Disclosure of Invention
The invention provides an axial coupling type intelligent driving dynamometer, aiming at overcoming the defects in the prior art.
In order to achieve the above purposes, the technical scheme adopted by the invention is as follows: the utility model provides an axle coupling formula intelligence driving dynamometer, includes bilateral symmetry's axle coupling dynamometer, and axle coupling dynamometer passes through a plurality of gyro wheel and interior track, outer track cooperation, and axle coupling dynamometer middle part has laid the gear, and the gear cooperates with the rack.
As a preferable scheme of the invention, the shaft coupling dynamometer comprises a dynamometer body, a dynamometer cooling fan is arranged at the upper end of the dynamometer body, and a servo motor and a speed reducer are arranged on the side surface of the dynamometer body.

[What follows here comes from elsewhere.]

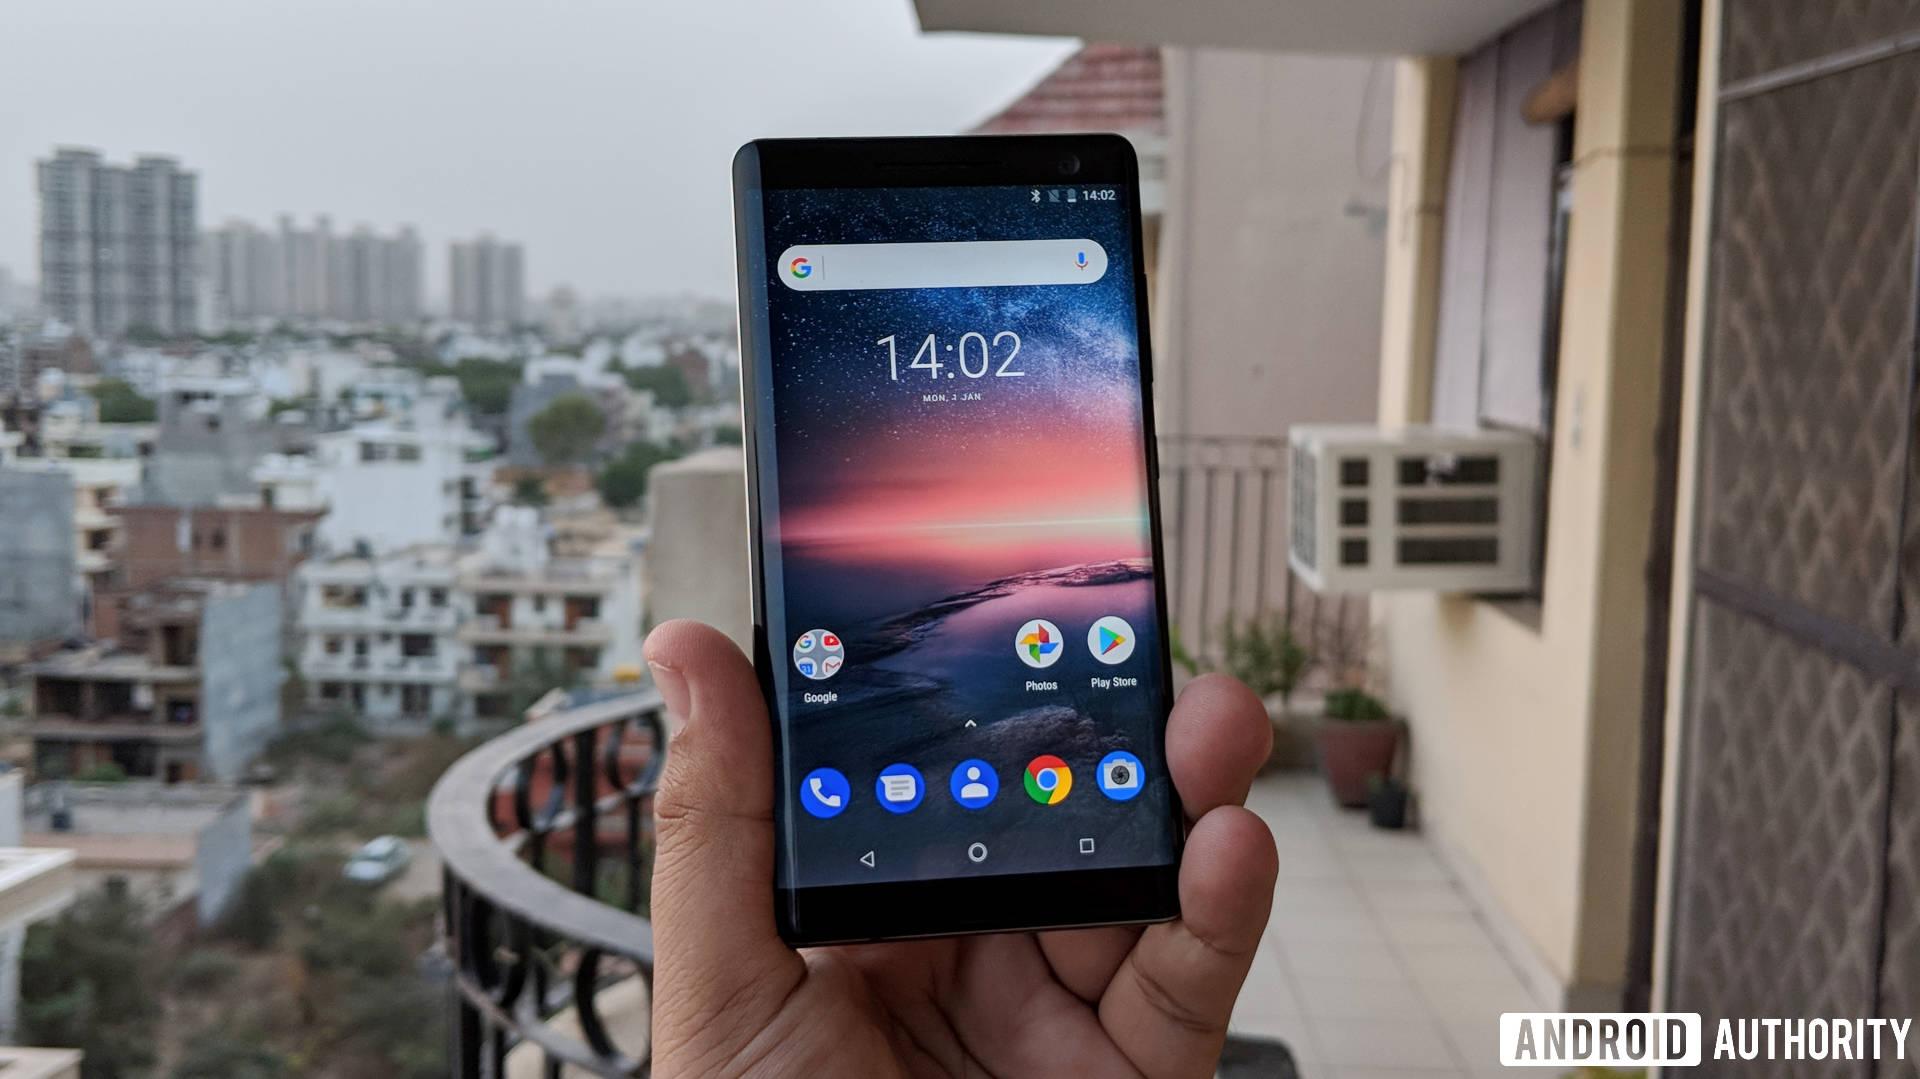 Nokia 8 Sirocco held in hand

As a preferable scheme of the present invention, the speed reducer is installed at a front end of the servo motor, and a gear is disposed at a lower end of the speed reducer and exceeds a lower surface of the speed reducer.
As a preferable scheme of the invention, the shaft coupling dynamometer comprises a plurality of rollers, and two rollers form a group.
As a preferable scheme of the invention, the roller is arranged on the side surface of the shaft coupling dynamometer through a connecting piece, and the connecting piece is arranged at the front end and the rear end of the dynamometer body.
As a preferable scheme of the invention, the connecting piece and the dynamometer body are arranged at an angle of 0-90 degrees.
In a preferred embodiment of the present invention, the rack is located between the inner rail and the outer rail, and the distance between the rack and the inner rail is the same as the distance between the rack and the outer rail.
As a preferable scheme of the invention, the inner rail, the outer rail and the rack are of inward arc structures, and the inner rail, the outer rail and the rack are all fixed on the base.
In a preferred embodiment of the present invention, the side surfaces of the inner rail and the outer rail are in a convex shape.
As a preferable scheme of the invention, the roller is provided with a groove matched with the convex character of the outer rail.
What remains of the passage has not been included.